Less money, more pain and injustice


Less money, more pain and injustice

Special to the Star-Telegram

Last month, New Jersey's legislature and governor replaced the death penalty with a sentence of life in prison without parole. The measure has been hailed as an historic moment across the country. I guess that makes sense, because no state had legislatively abolished its death penalty in more than 50 years.

But I want to share the view from where I sit: a police chief who long supported the death penalty. Watching this debate evolve over the years and then unexpectedly being caught up in the middle of it, I don't think the vote was historic at all. It was just plain common sense.

I am the police chief of West Orange, N.J., an older suburban town about 15 miles outside of Manhattan. I am a proud Republican. I have dedicated my life to protecting the public and making our streets safer. And I put my life on the line every time I go to work. Believe me, sympathy for killers is nowhere in my vocabulary.

Last year, the New Jersey Legislature set up a study commission to decide what to do with the death penalty. The capital punishment system was broken; some people wanted to fix it, while others wanted to abolish it.

I was asked to join the commission and help decide what to do. I pledged to keep an open mind, but I always supported the death penalty, and I didn't expect that to change. If there were fixes we could recommend to make it work better, I figured I could support that.

I was wrong.

I no longer believe that you can fix the death penalty. Six months of study opened my eyes to its shocking reality. I learned that the death penalty throws millions of dollars down the drain -- money that I could be putting directly to work fighting crime every day -- while dragging victims' families through a long and torturous process that only exacerbates their pain.

I want to share what I learned from the families whose loved ones were lost, because I believe their untold stories are the shameful, hidden secret of the death penalty.

One by one they came before me -- mothers, fathers, children and spouses. Their cries of pain were devastating.

The judicial process sentences victims' families to an indeterminate time in legal limbo, waiting, waiting, waiting, for the day that the punishment will be carried out. For most of them, it never will be. The death penalty was supposed to help families like these. Virtually everything I heard told me that the process was tearing them apart.

Meanwhile, maintaining this charade of a system for the past 30 years cost New Jersey almost a quarter billion dollars -- money that could have been providing these victims with crucial services to help them heal, or funding law enforcement and preventing the crimes in the first place. The prosecutors who sat on the commission with me confirmed through direct experience that capital cases deplete their resources more than any other type of case. Studies in other states found the same thing.

As a police chief, I find this use of state resources offensive. The death penalty is supposed to help me fight crime. I say: Give a law enforcement professional like me that $250 million, and I'll show you how to reduce crime. The death penalty isn't anywhere on my list.

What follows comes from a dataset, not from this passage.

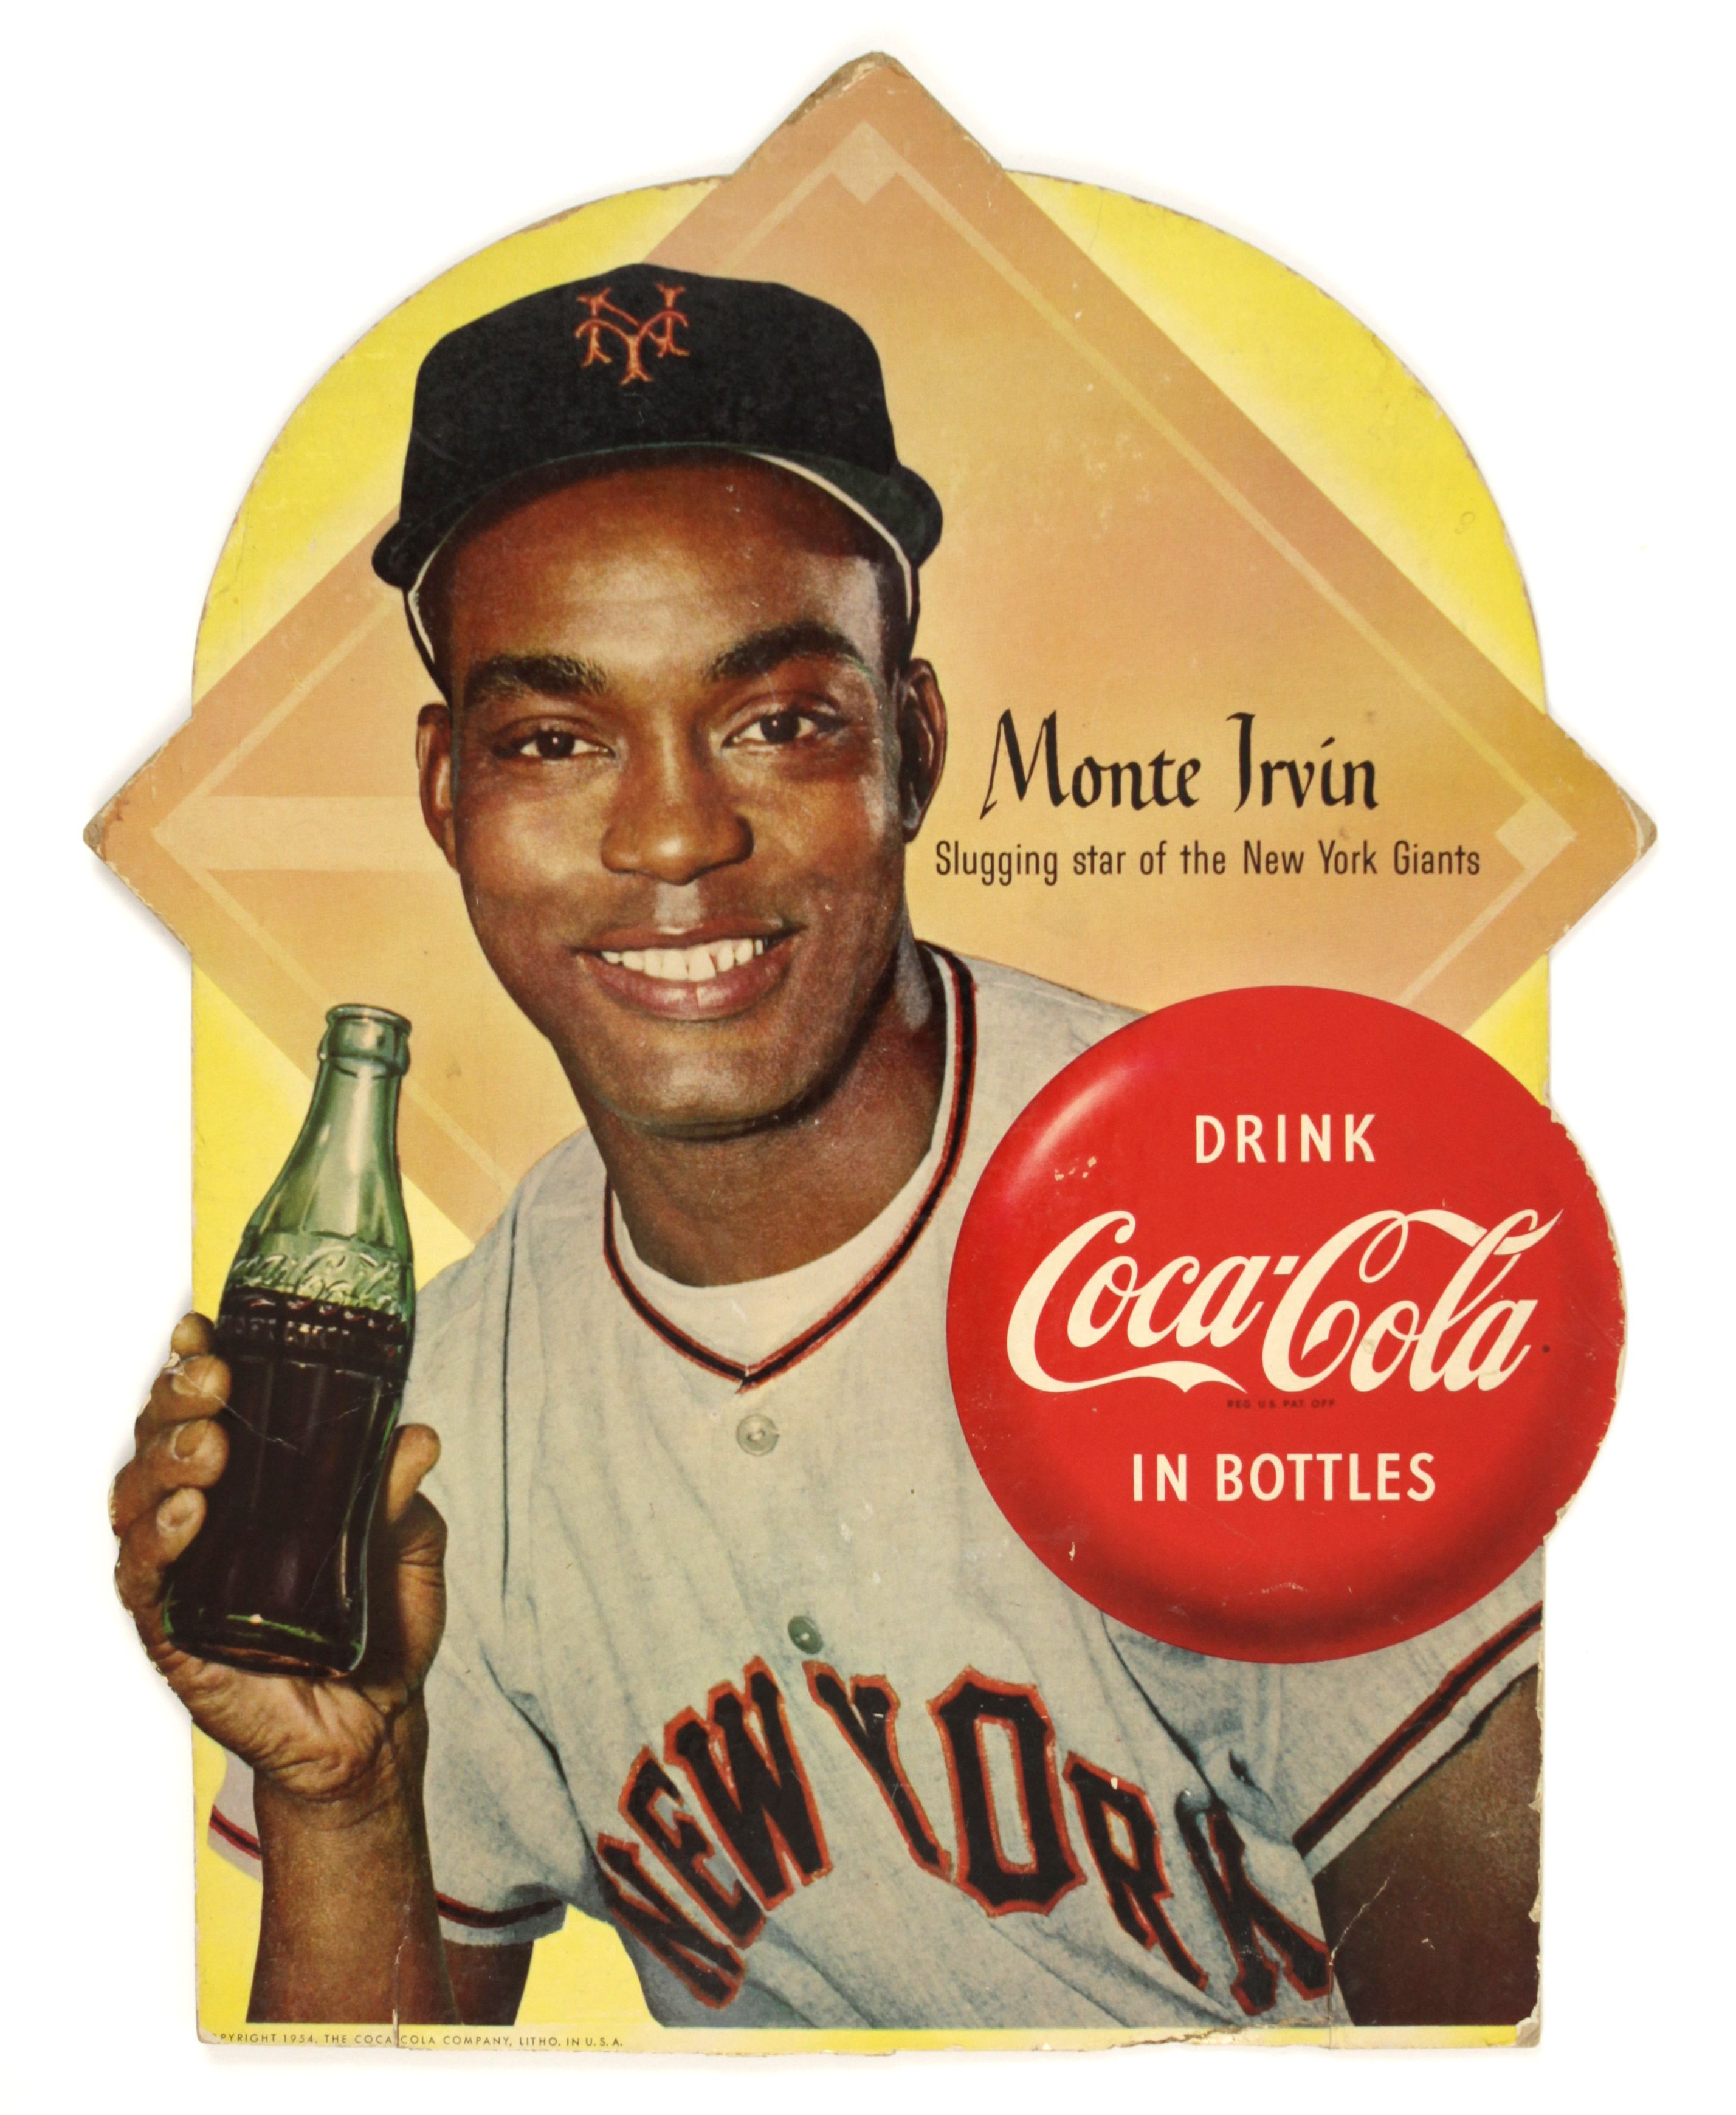 Willie Mays Hits A Coca Cola Home Run The Coca Cola Company

The problems we found are not unique to New Jersey. No state has found a way to carry out the death penalty quickly and cheaply and also accurately.

In my heart, I still believe that capital punishment is justified in some cases. But I also know that in real life, there is no perfect death penalty, and in practice, it does more harm than good. Life in prison without parole is a better alternative. It is harsh, it ensures public safety, and it puts victims' families first.

James Abbott is the chief of police in West Orange, N.J. He was a member of the New Jersey Death Penalty Study Commission.